> _The data_:
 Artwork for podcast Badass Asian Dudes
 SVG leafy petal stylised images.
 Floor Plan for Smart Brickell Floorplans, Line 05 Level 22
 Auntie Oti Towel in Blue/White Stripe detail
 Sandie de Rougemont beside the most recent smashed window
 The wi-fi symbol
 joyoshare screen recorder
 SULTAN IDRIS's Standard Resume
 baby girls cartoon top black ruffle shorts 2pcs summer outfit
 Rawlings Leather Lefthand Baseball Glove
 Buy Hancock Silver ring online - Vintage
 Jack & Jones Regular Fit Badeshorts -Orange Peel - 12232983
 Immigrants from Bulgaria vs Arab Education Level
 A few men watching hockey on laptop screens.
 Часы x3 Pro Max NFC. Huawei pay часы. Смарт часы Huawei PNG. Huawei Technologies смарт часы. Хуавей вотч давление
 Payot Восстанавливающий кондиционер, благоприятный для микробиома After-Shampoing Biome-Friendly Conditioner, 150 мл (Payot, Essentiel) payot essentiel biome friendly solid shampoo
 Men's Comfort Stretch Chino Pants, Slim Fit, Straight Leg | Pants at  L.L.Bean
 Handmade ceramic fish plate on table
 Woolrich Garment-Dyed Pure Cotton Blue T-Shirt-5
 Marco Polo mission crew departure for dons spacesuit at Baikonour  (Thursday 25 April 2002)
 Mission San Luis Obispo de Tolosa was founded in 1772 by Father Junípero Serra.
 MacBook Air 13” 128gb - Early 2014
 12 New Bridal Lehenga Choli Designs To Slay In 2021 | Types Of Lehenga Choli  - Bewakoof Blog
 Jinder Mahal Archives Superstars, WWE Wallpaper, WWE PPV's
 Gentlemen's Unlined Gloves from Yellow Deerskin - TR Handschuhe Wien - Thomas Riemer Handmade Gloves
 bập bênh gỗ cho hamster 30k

> _Aim of the task_: Lines after the one containing "Часы x3 Pro" are left out; every line from the start of the entries through that line is restated word for word.

> _Expected answer_:
 Artwork for podcast Badass Asian Dudes
 SVG leafy petal stylised images.
 Floor Plan for Smart Brickell Floorplans, Line 05 Level 22
 Auntie Oti Towel in Blue/White Stripe detail
 Sandie de Rougemont beside the most recent smashed window
 The wi-fi symbol
 joyoshare screen recorder
 SULTAN IDRIS's Standard Resume
 baby girls cartoon top black ruffle shorts 2pcs summer outfit
 Rawlings Leather Lefthand Baseball Glove
 Buy Hancock Silver ring online - Vintage
 Jack & Jones Regular Fit Badeshorts -Orange Peel - 12232983
 Immigrants from Bulgaria vs Arab Education Level
 A few men watching hockey on laptop screens.
 Часы x3 Pro Max NFC. Huawei pay часы. Смарт часы Huawei PNG. Huawei Technologies смарт часы. Хуавей вотч давление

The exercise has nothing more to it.